Exposing average people to the filesystem is wrong level of abstraction. That is why iOS and Android apps are going that way - but as I myself am used to dealing with files it annoys me that I cannot have that level of control, but I accept that I am quite technical.


Dealing with files used to be something everyone interacting with computers had to do. It is something average people can do.

I think too much abstraction is a mistake and adds a lot of unneeded complexity.

People should learn something about technology they use. If you want to drive, you need understand how steering wheels work, if you want to drive a manual car (usual where I live and have lived) then you need to know how to work a gear stick and the effect of changing gear.


> used to be something everyone interacting with computers had to do

There were far fewer people 'interacting with computers' at that level years ago.


Everyone with an office job was still a lot of people though.


I'm not even sure 'everyone with an office job' had a computer. It certainly wasn't true 35 years ago. An office might have a computer or two, but not everyone had one, nor was everyone expected to use it.

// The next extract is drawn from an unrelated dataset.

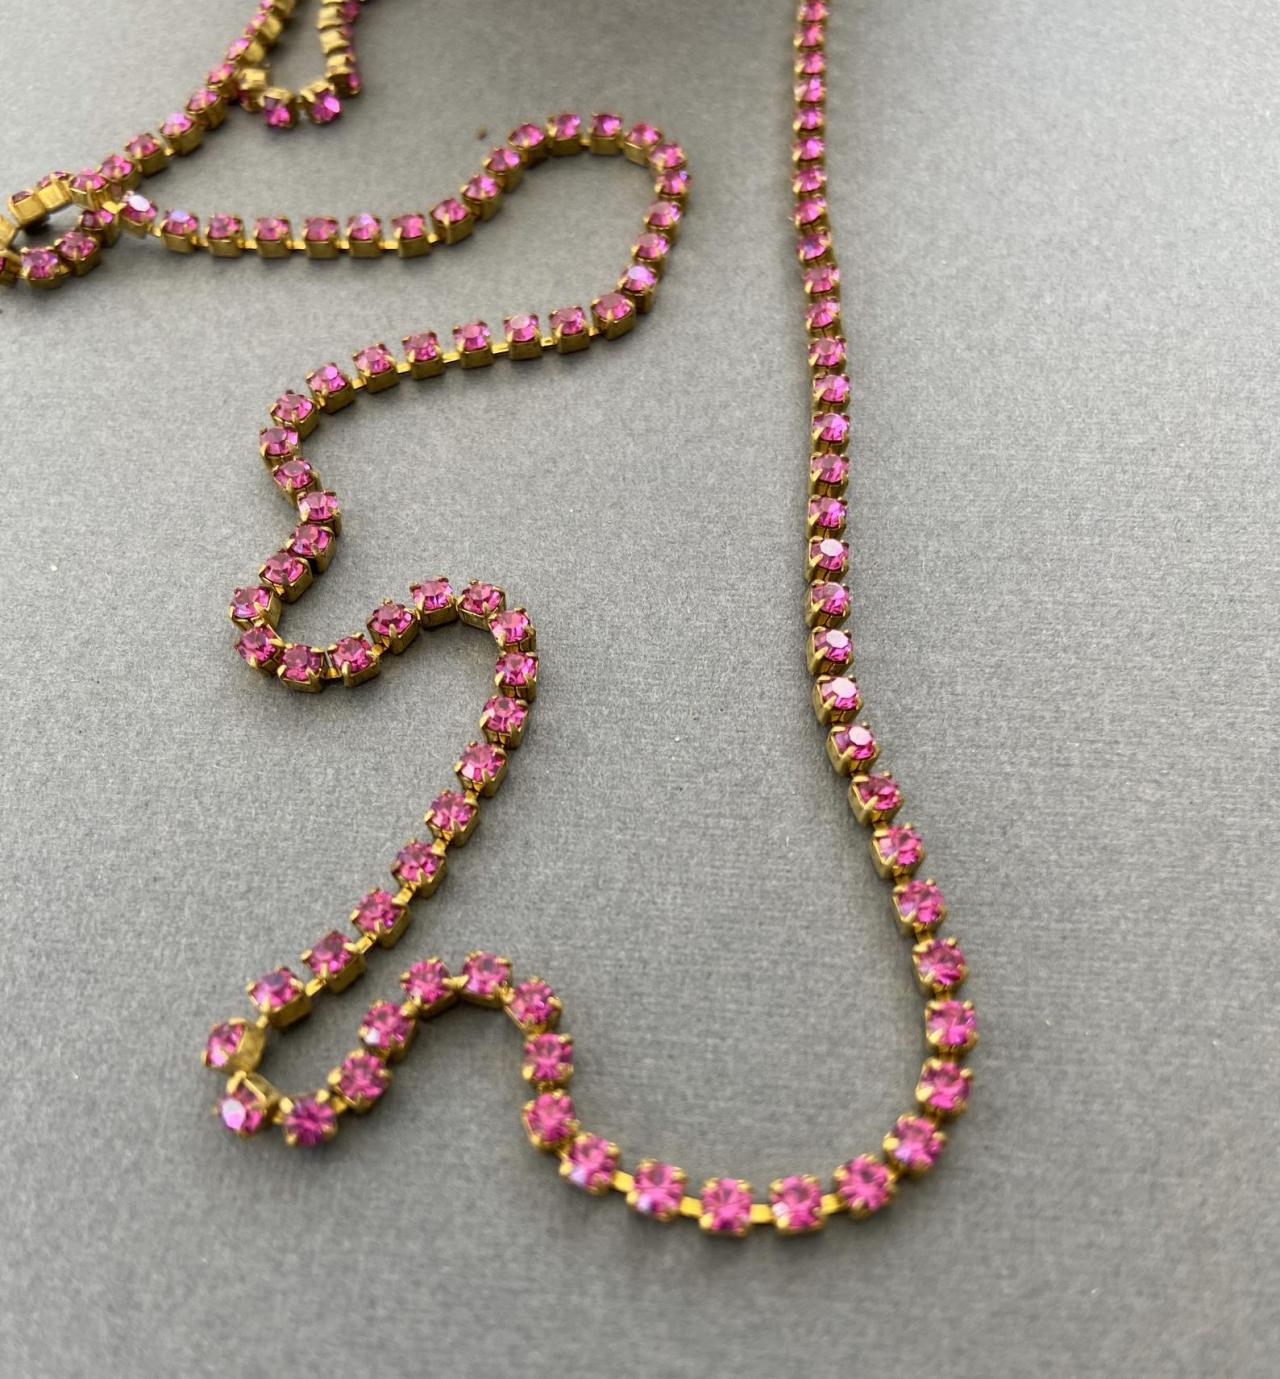 2.5mm Pink Fuchsia Solid Brass Gold Cup Chain Crystal Rhinestone Pp18 Ss8

Case insensitive matching is a surprisingly complicated, locale-dependent affair. Should I.txt and i.txt match? (Note that the first file is not named I.txt).

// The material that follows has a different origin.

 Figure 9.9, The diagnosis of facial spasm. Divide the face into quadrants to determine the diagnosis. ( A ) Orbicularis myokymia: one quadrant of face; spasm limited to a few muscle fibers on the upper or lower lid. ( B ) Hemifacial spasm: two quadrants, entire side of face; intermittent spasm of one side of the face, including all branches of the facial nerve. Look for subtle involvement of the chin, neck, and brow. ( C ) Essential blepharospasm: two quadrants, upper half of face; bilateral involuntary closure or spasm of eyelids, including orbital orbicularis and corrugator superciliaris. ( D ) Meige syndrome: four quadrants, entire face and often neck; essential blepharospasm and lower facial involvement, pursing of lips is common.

Case insensitive filesystems make about as much sense as ASCII-only filenames.


How would locale matter?


Off the top of my head, in turkish, `i` doesn't become `I`, it becomes `İ`. And `ı` is the lower case version of `I`


You don't need to decide how to upper or lower case a character to be insensitive to case, though. Treating them all as matching isn't a terrible option.


For example, it depends on the locale if the capitalized form of ß is ß or SS.


And yet case insensitive file name matching / string matching is one of my favourite windows features. It’s enormously convenient. An order of magnitude more convenient than the edge cases it causes me.

People aren’t ASCII or UTF-8 machines; “e” and “E” are the same character, that they are different ASCII codes is a behind the scenes implementation detail.

(That said, S3 isn’t a filesystem, it’s more like a web hashtable key-to-blob storage)


> People aren’t ASCII or UTF-8 machines; “e” and “E” are the same character

They are the same character to you, a native speaker of a Western language written in a latin script. They are the same to you because you are, in fact, an ASCII machine. Many many people in the world are not.


They are the same to me, they are different in ASCII, therefore I am not an ASCII machine. To me, the person using the computer to do work. Not the person wanting to do extra work to support the computer's internal leaky abstractions of data storage.

Your position, the position of too many people, is that I a native speaker of English etc. should not be allowed to have a computer working how English works because somewhere, someone else is different. This is like saying I shouldn't be allowed an English spell checker because there are other people who speak other languages.


> “e” and “E” are the same character

They don't look like the same character to me. A character is a written symbol. These are different symbols.

What definition of "character" are you using where they're the same character?

I haven't ruled out that I am wrong, this is a naive comment.


Are the words hello and HELLO spelled differently? I am pretty squarely in the camp that filesystems should be case sensitive (perhaps with an insensitive shell on top), but I would not consider those two words as having a different spelling. To me that means they are the same sequence of characters.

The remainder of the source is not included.